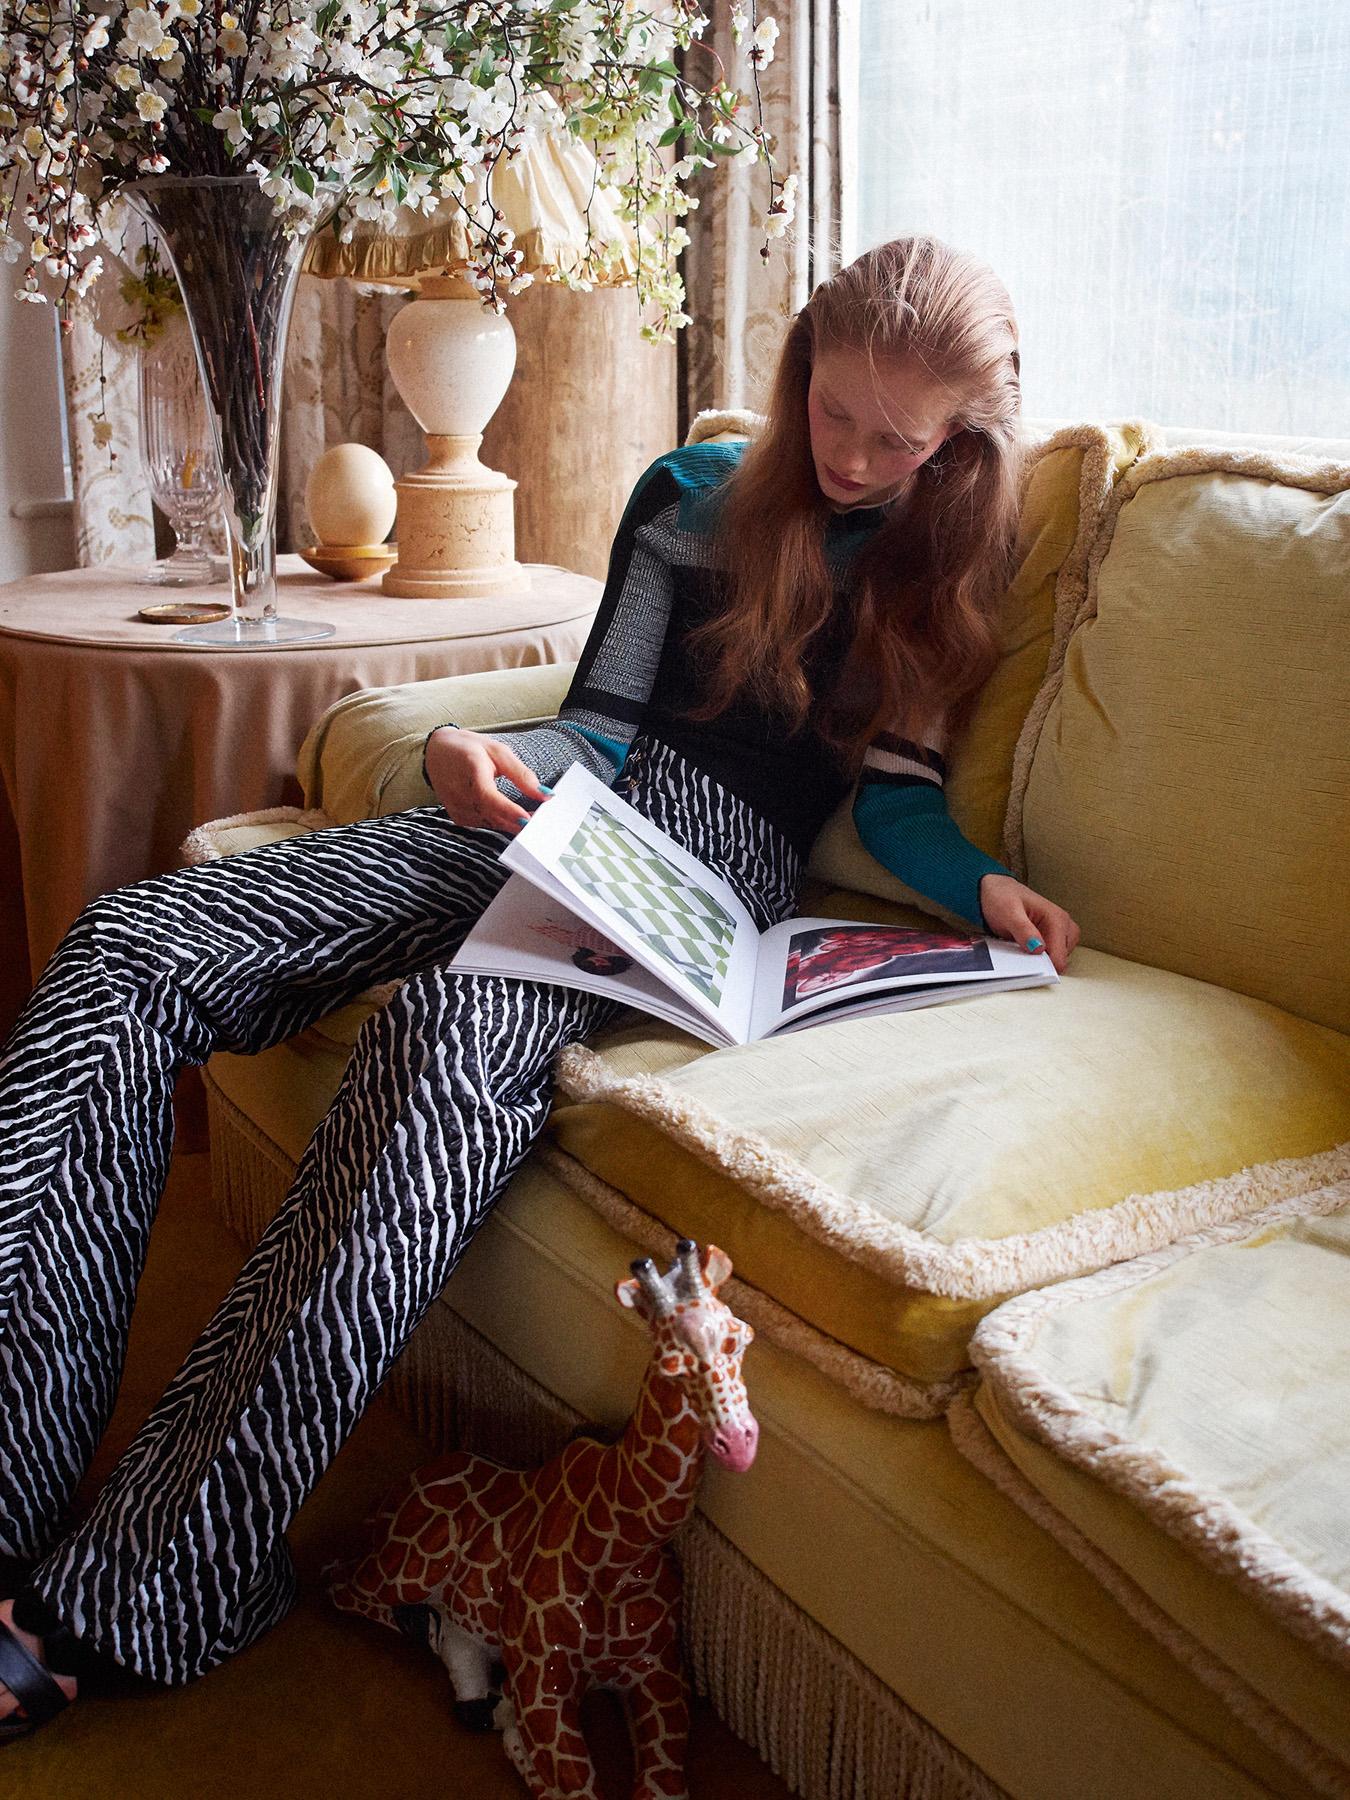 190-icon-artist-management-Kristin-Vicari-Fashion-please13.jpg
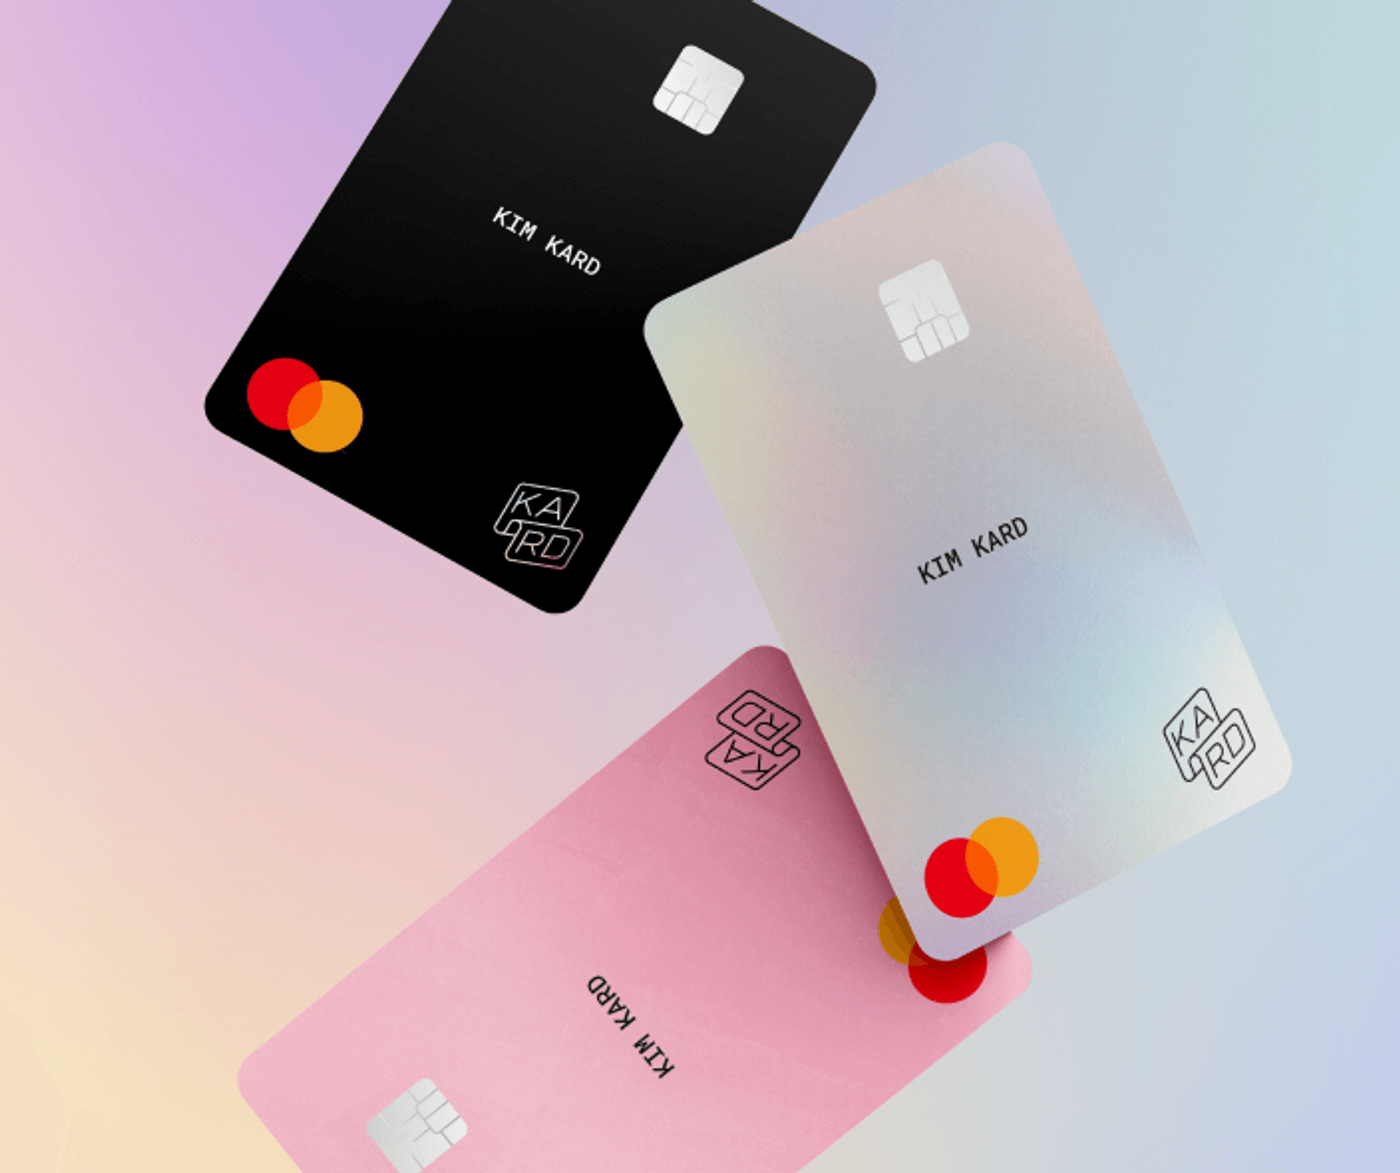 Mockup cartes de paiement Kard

---

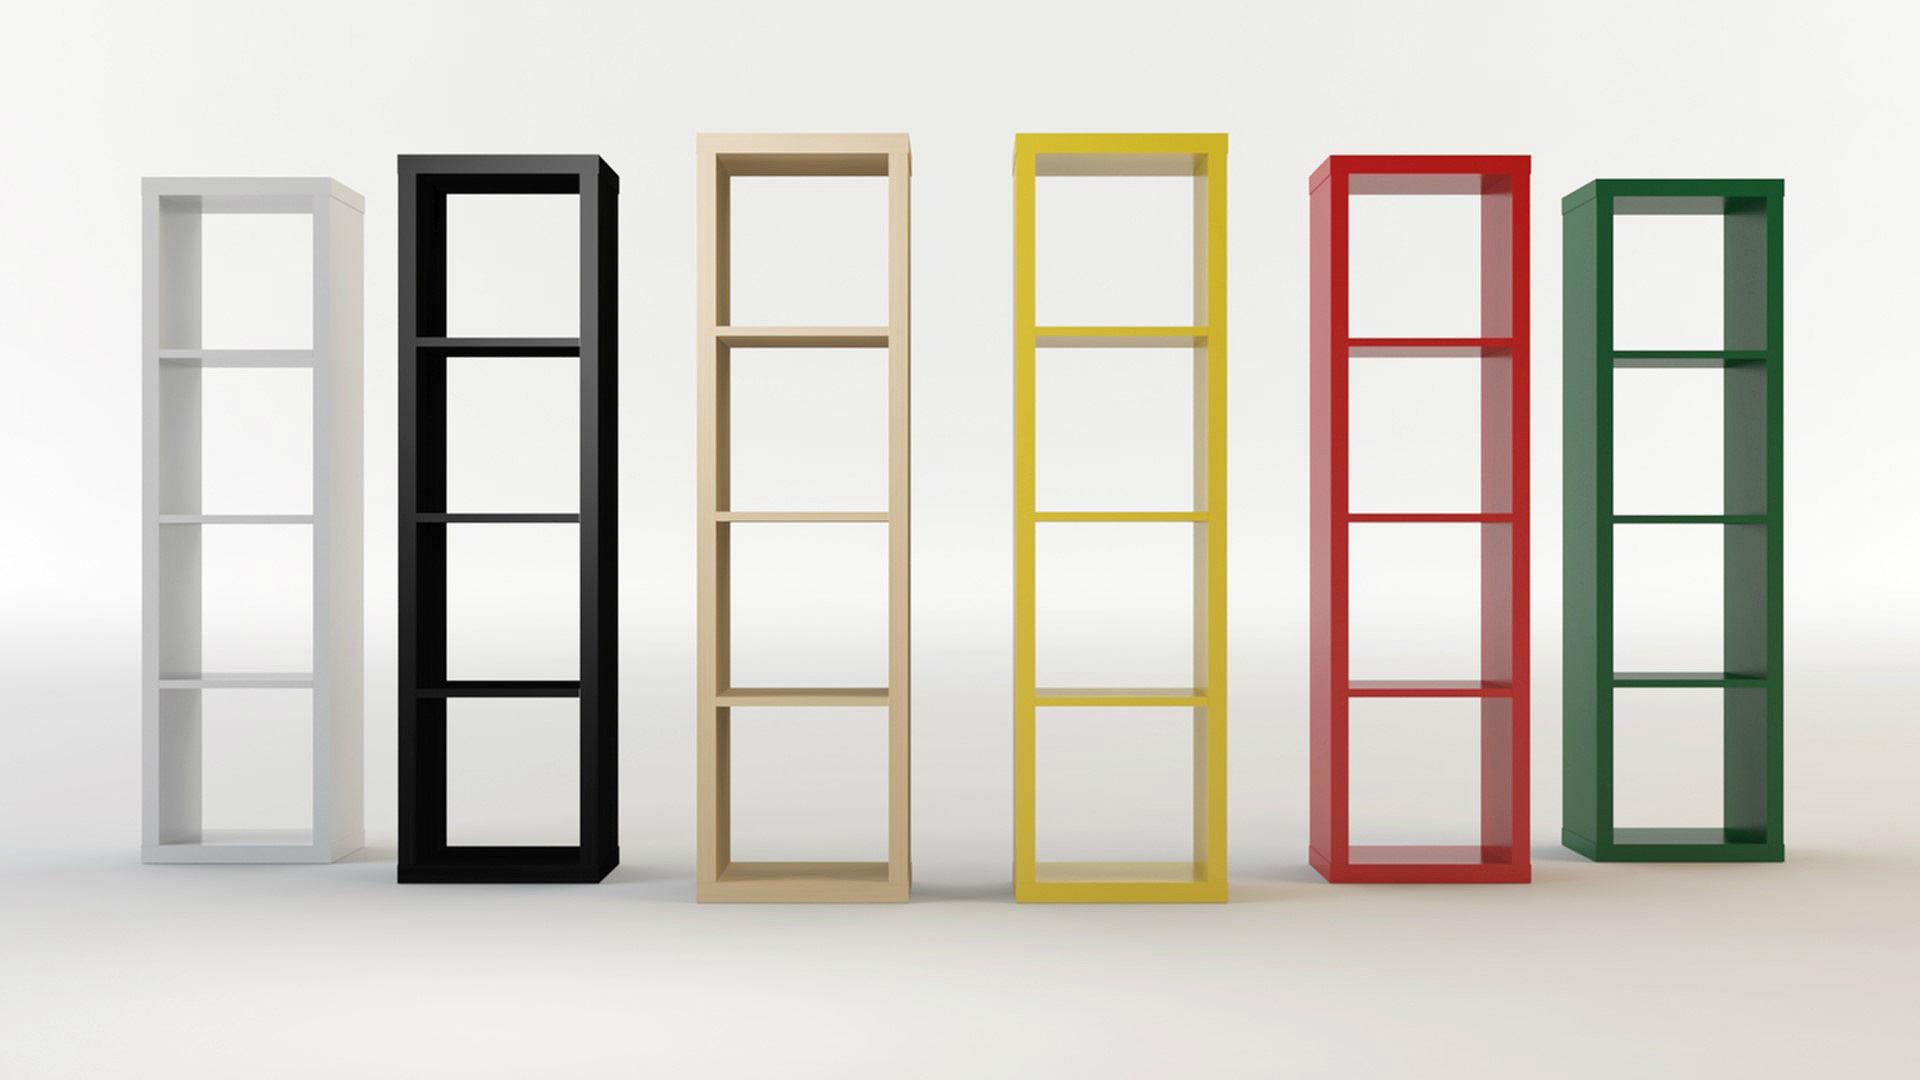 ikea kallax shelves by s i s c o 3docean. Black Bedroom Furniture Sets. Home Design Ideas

▸ Problem to work on
Reproduce exactly the lines above that run from the one with "190-icon-artist-management-Kristin-Vicari-Fashion-please13.jpg" to the one with "Mockup cartes de paiement Kard", both included, leaving pictures out.

▸ Your response
 190-icon-artist-management-Kristin-Vicari-Fashion-please13.jpg
 Mockup cartes de paiement Kard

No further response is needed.